Don Norman tells a wonderful story about a conversation he had with Southwest Airlines chairman Herbert Kelleher that speaks directly to my latest report on customer experience strategy:
"Use Southwest Airlines as the model. When customers demanded reserved seating, inter-line baggage transfer, and food service, they refused (and only now, are reluctantly providing semi-reserved seating). Why? It is not because they ignore their customers. On the contrary, it is because they understood that their customers had a much more critical need. Southwest realized that what the customers really wanted was low fares and on-time service, and these other things would have interfered with those goals.

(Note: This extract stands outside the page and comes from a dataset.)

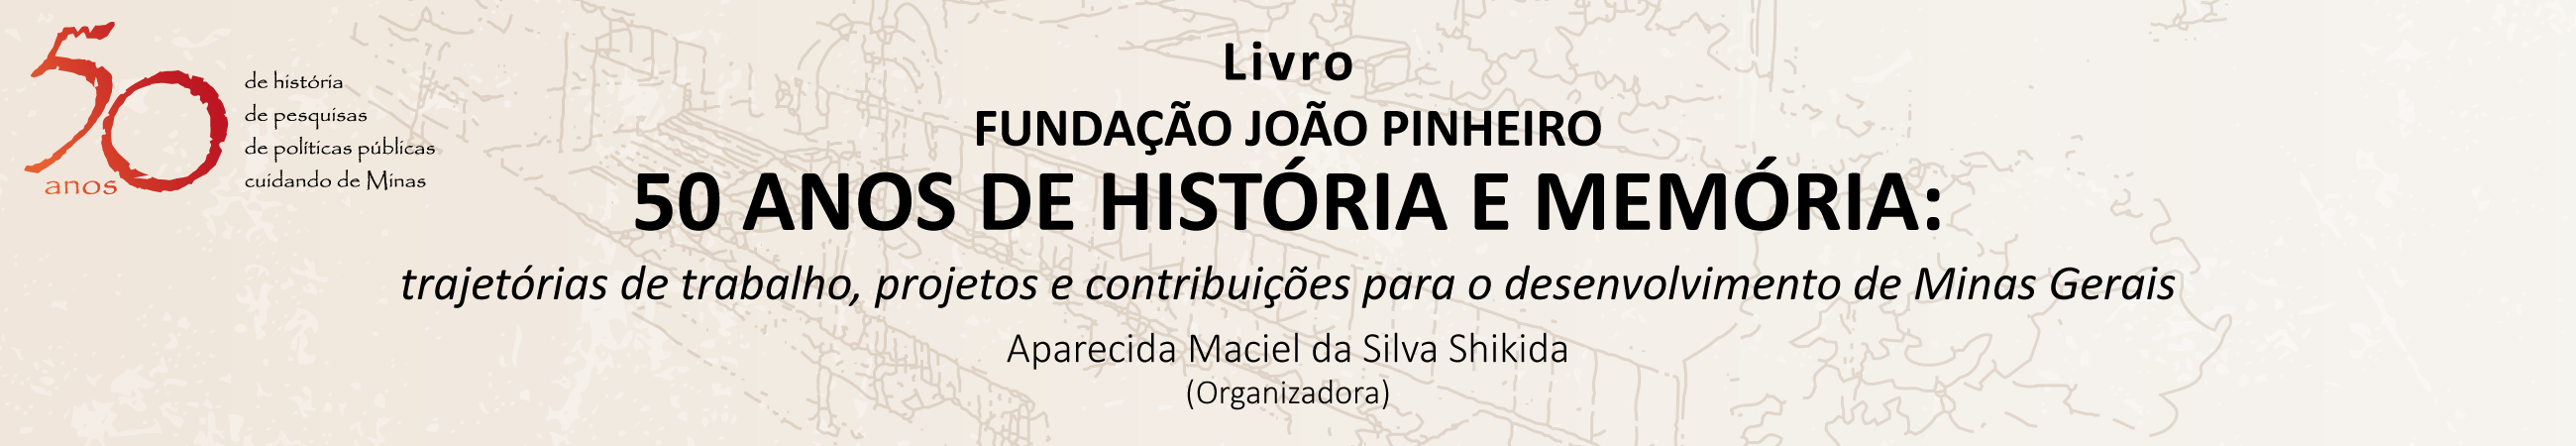 Livro Fundação João Pinheiro - 50 anos de história e memória

I once had a lively, entertaining dinner with Herbert Kelleher, Chairman and co-founder of Southwest Airlines. I asked him why they had ignored the requests of their customers. Herb looked me up and down sternly, sighed, took another sip of his drink, uttered a few obscenities, and patiently explained. His marketing people asked the wrong question. They should have asked, would you pay $100 more for inter-airline baggage transfers? $50 more for reserved seating? No, the customers wouldn't have. They valued on-time, low-cost flights, and that is what Southwest delivers.
Land the plane, push the people out as fast as you can, tidy up quickly, with everybody pitching in: cleaners, flight attendants, pilots, and rush the new people in. Don't use assigned seating because in its absence, customers run into the airplane, hoping to grab a good seat fast. Minimize turnaround time and you need less airplanes, less crew, less expense. Add amenities and you slow down everything, requiring more airplanes, more cost. Why would you want to slow down the turnaround time when your entire business model is based upon low-cost efficiency?"
With strategy in hand, defining who target customers are, use tools like a Kano Model or derivative to understand what drives customer delight . . . and what won't move the needle at all.